Prompt –
Starting at the line that contains "avenue des Gobelins 1926 by Eugène Atget", reproduce only the lines through the end of the data, exactly, including both the first and the last; skip the pictures.

Top of Available data

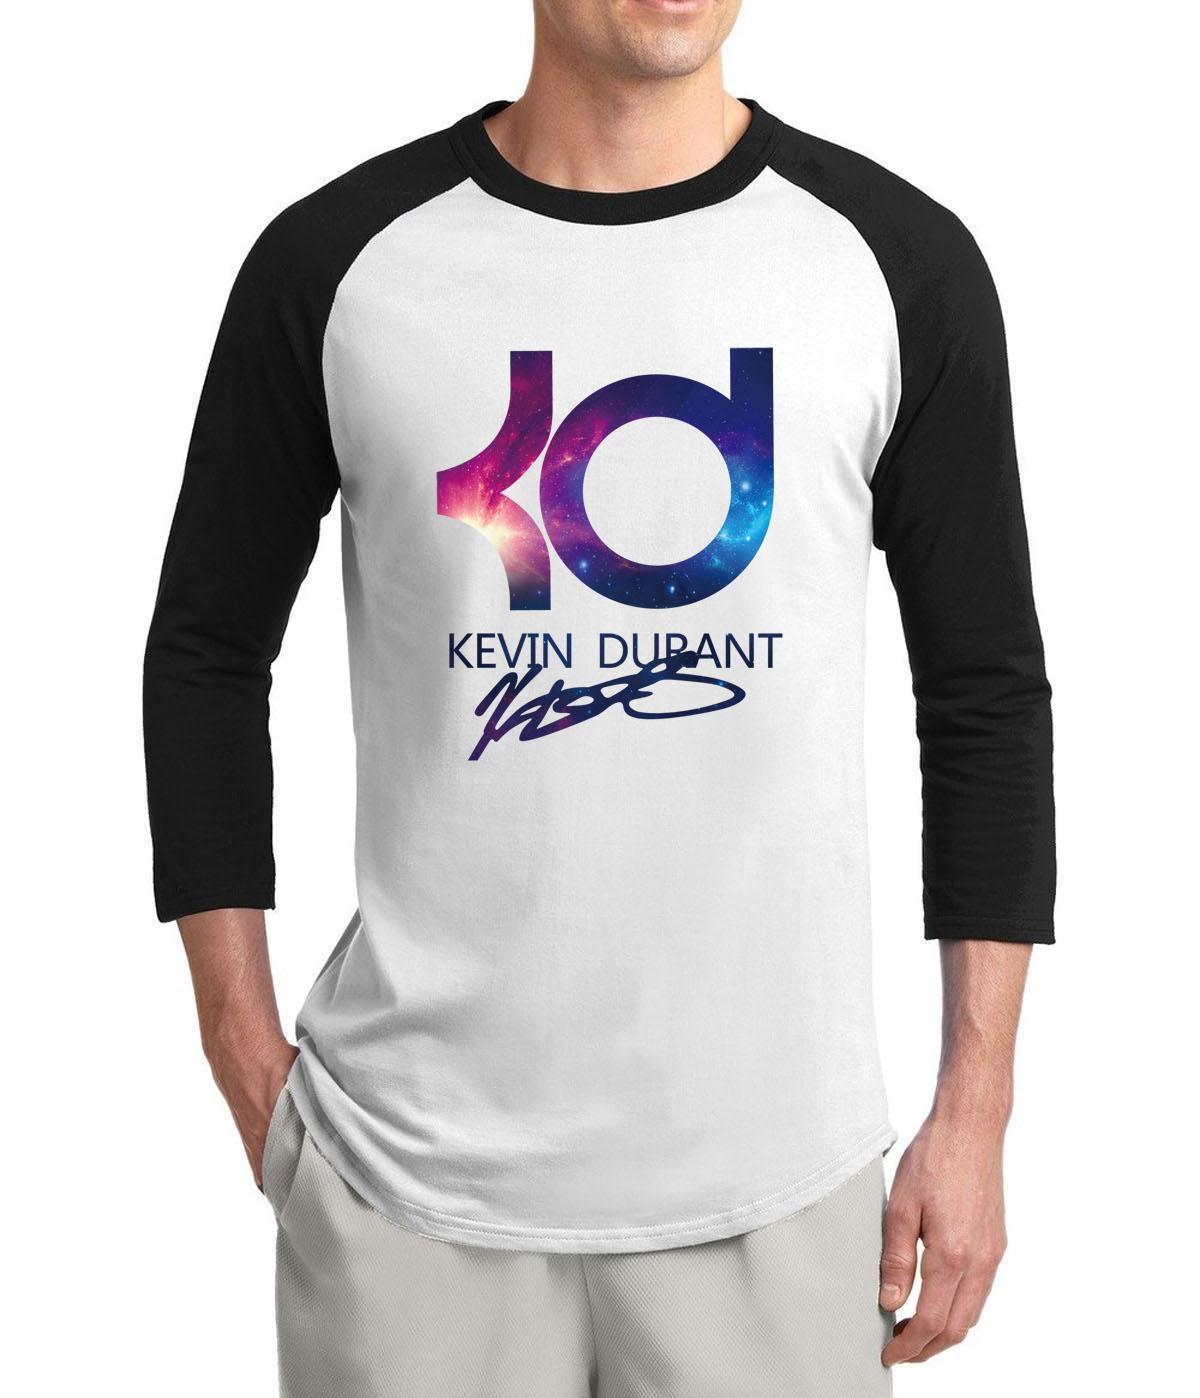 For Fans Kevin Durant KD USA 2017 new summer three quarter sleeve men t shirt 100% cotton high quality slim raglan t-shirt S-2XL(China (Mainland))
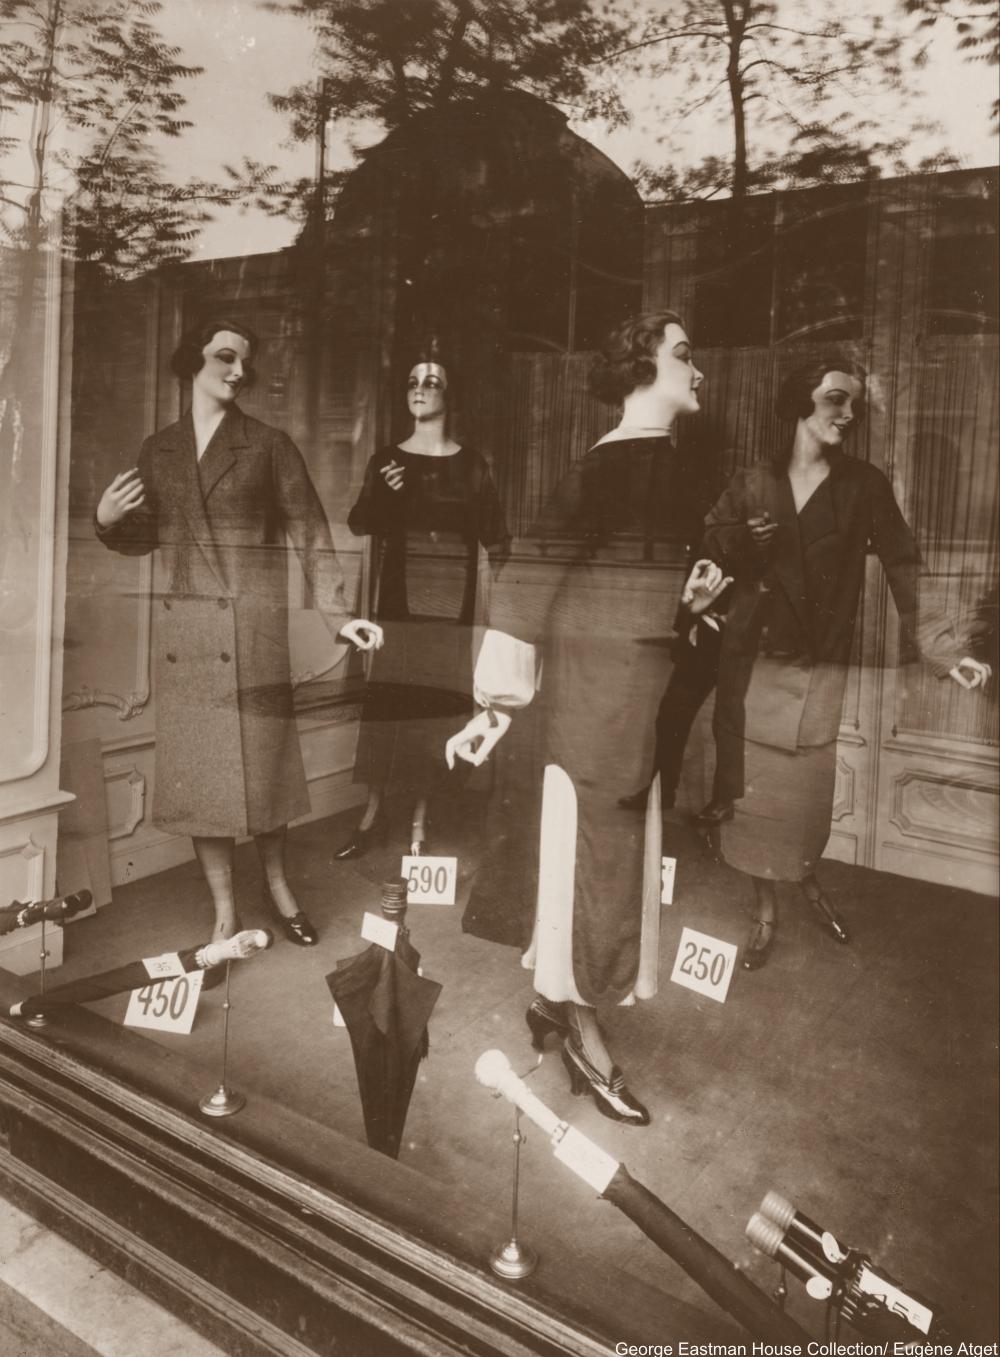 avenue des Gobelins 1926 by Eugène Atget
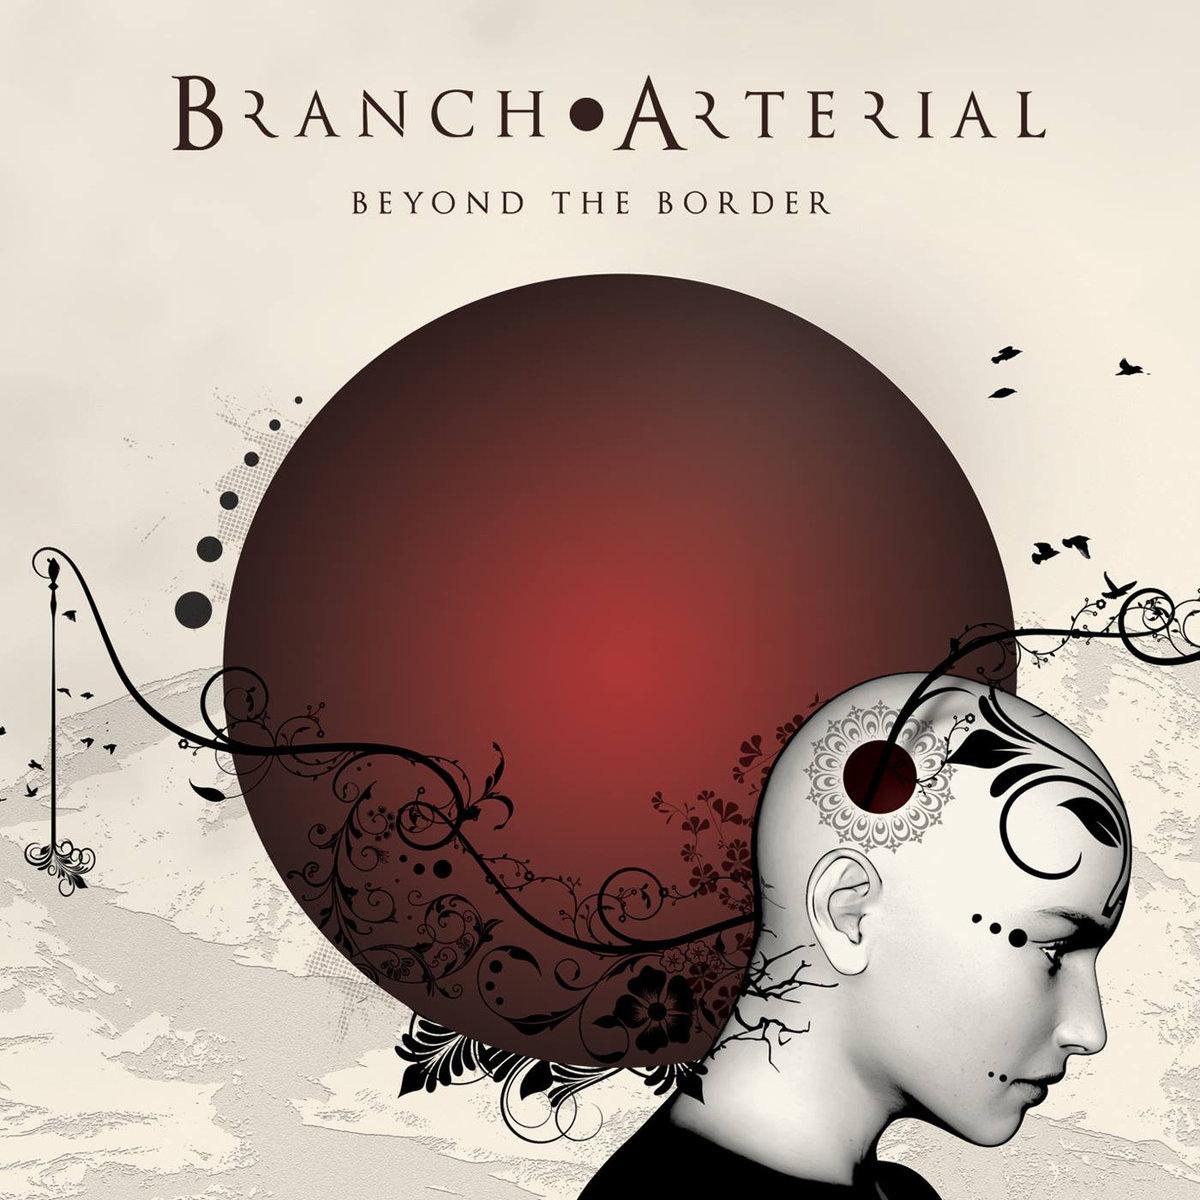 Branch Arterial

Bottom of Available data

Result –
 avenue des Gobelins 1926 by Eugène Atget
 Branch Arterial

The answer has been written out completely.